Quote exactly, and only, the lines from the one with "This coffee table" through the end of the listing.

• **RECORDED DATA**
___

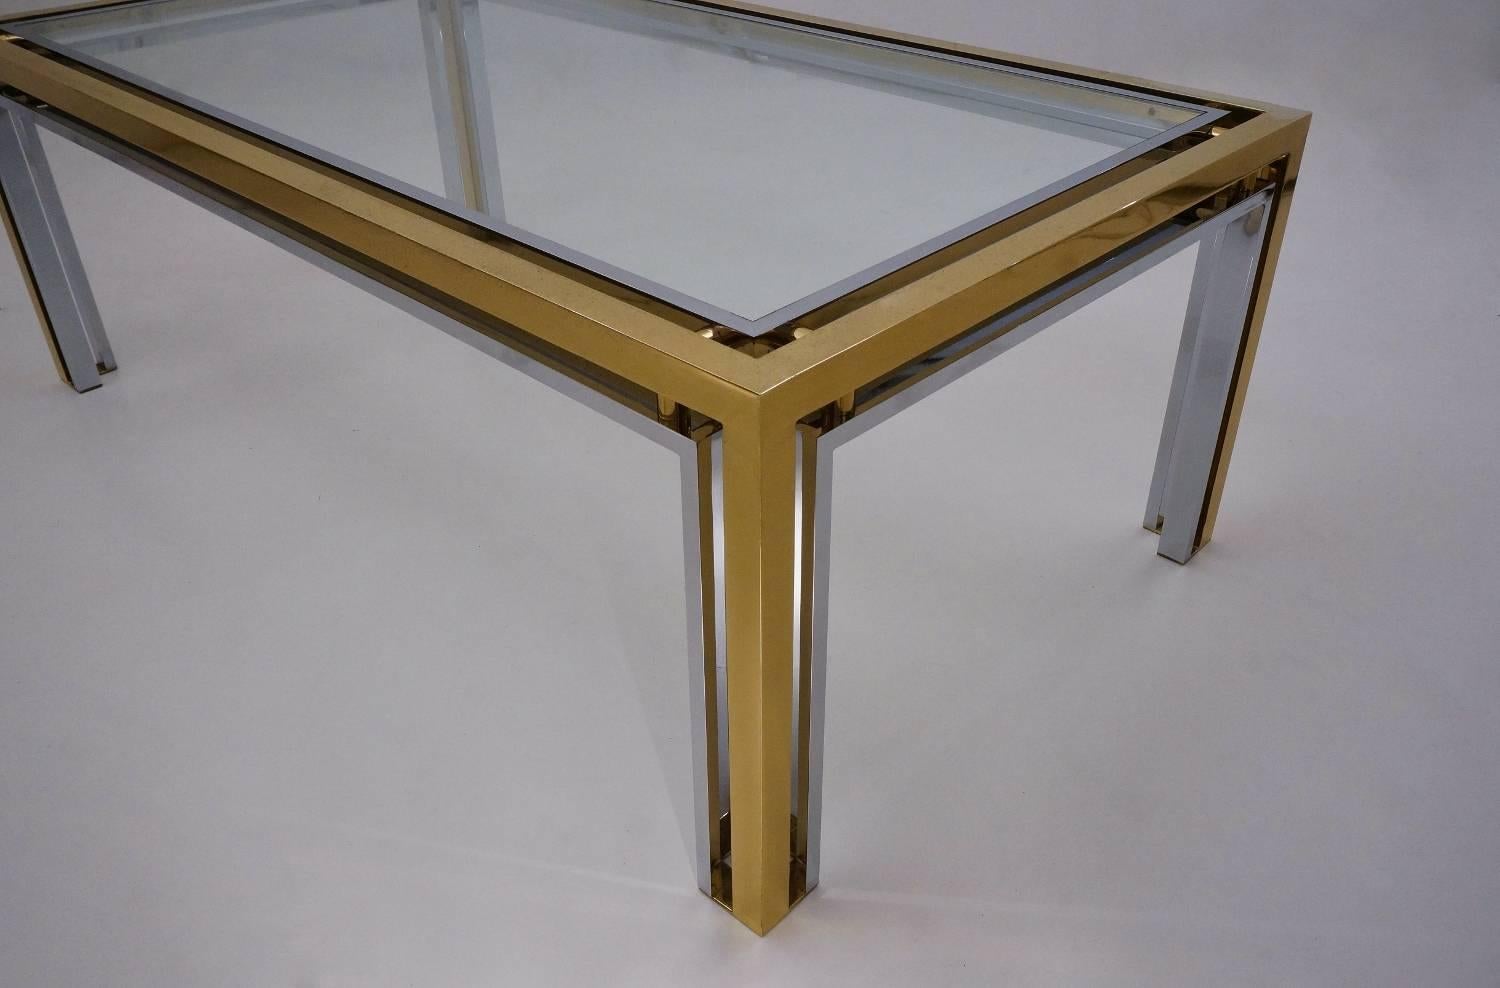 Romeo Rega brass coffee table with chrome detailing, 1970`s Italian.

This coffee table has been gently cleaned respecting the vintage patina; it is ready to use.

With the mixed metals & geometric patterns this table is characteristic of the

___

• **RESPONSE FOR THIS EXERCISE**
This coffee table has been gently cleaned respecting the vintage patina; it is ready to use.

With the mixed metals & geometric patterns this table is characteristic of the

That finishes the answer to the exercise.